The proposed merger contemplates Camber issuing newly-issued shares of common stock, on a fully-diluted pro rata basis, to the equity holders of Viking having an 85% interest in the post-closing entity in exchange for 100% of the outstanding equity securities of Viking by means of a reverse triangular merger in which a newly formed wholly-owned subsidiary of Camber shall merge with and into Viking, with Viking continuing as the surviving corporation (the “Merger”) and wholly-owned subsidiary of Camber after the Merger. If the closing of the Merger occurs (the “Closing”), the Viking equity holders prior to the Merger shall own approximately 85% of Camber’s issued and outstanding common stock immediately after the Merger, and the Camber equity holders prior to the Merger shall own approximately 15% of Camber’s issued and outstanding common stock immediately after the Merger, in each case on a fully-diluted, as-converted basis as of immediately prior to the Closing (including options, warrants and other rights to acquire equity securities of Viking or Camber).  Camber plans to increase its authorized number of shares to complete the issuance of shares in the Merger set forth above.

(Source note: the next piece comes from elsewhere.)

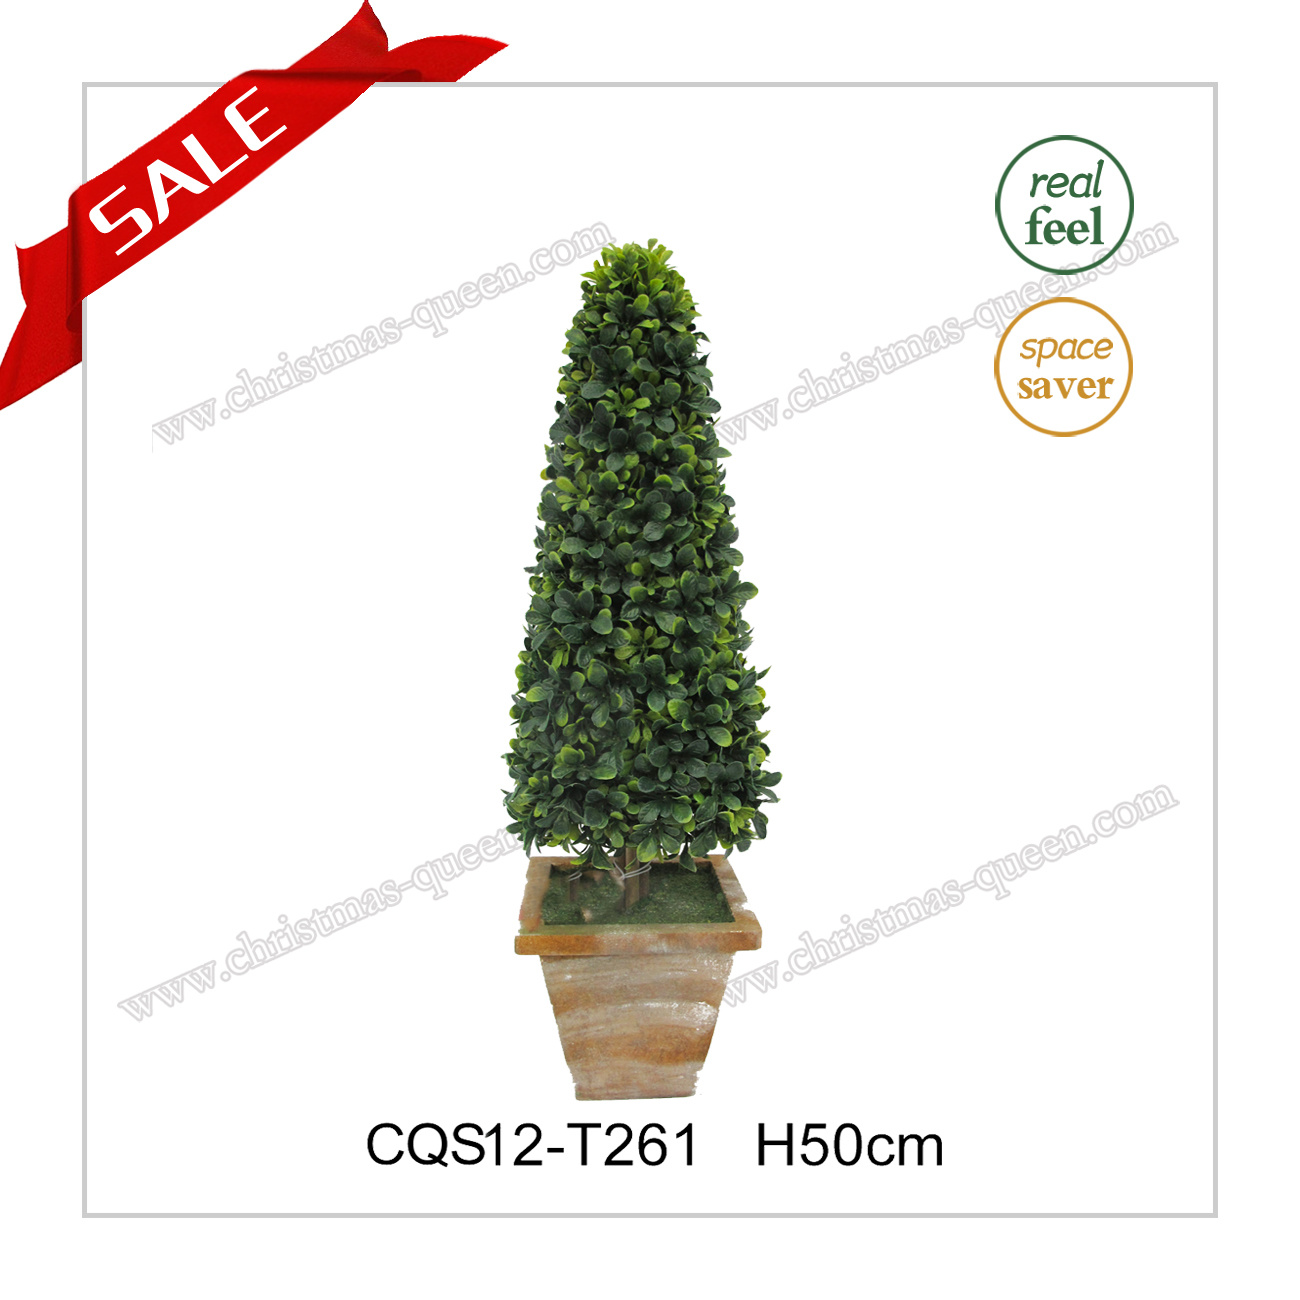 H47cm Home Artificial Indoor Potted Plants Bonsai Artificial Plant

The Merger would be an arm’s length transaction, and pursuant to the terms of the LOI, the parties intend to negotiate and sign a definitive agreement (the “Definitive Agreement”) in respect of the Merger as soon as practicable and on or before February 17, 2020.  Completion of the Merger is subject to a number of conditions, as set out in the LOI, including but not limited to the following: (i) execution of the Definitive Agreement; (ii) Viking’s subsidiary, Elysium Energy, LLC, closing the acquisition disclosed in the Current Reports on Form 8-K filed by Viking on October 11, 2019, and December 23, 2019, respectively (the “New Acquisition”); and (iii) receipt of all required regulatory, corporate and third party approvals, including the approval of the stockholders of each of Viking and Camber, and the fulfillment of all applicable regulatory requirements and conditions necessary to complete the Merger.

James Doris, President & CEO of Viking, stated, “Our company is excited about the proposed merger.  We believe the transaction will help broaden our shareholder base, improve liquidity and provide increased visibility to the institutional investor community, which ultimately should contribute to increased shareholder value.”

Louis G. Schott, Interim CEO of Camber, stated, “We are very pleased with this prospective merger. Viking has demonstrated an ability to transact and execute, in particular in a challenging environment.  Combining Viking’s business strategy and operational expertise with the Camber platform should create substantial value for Camber.”

Advisory Group Services, Ltd. dba RHK Capital, of Westport, CT is advising Viking on the transaction.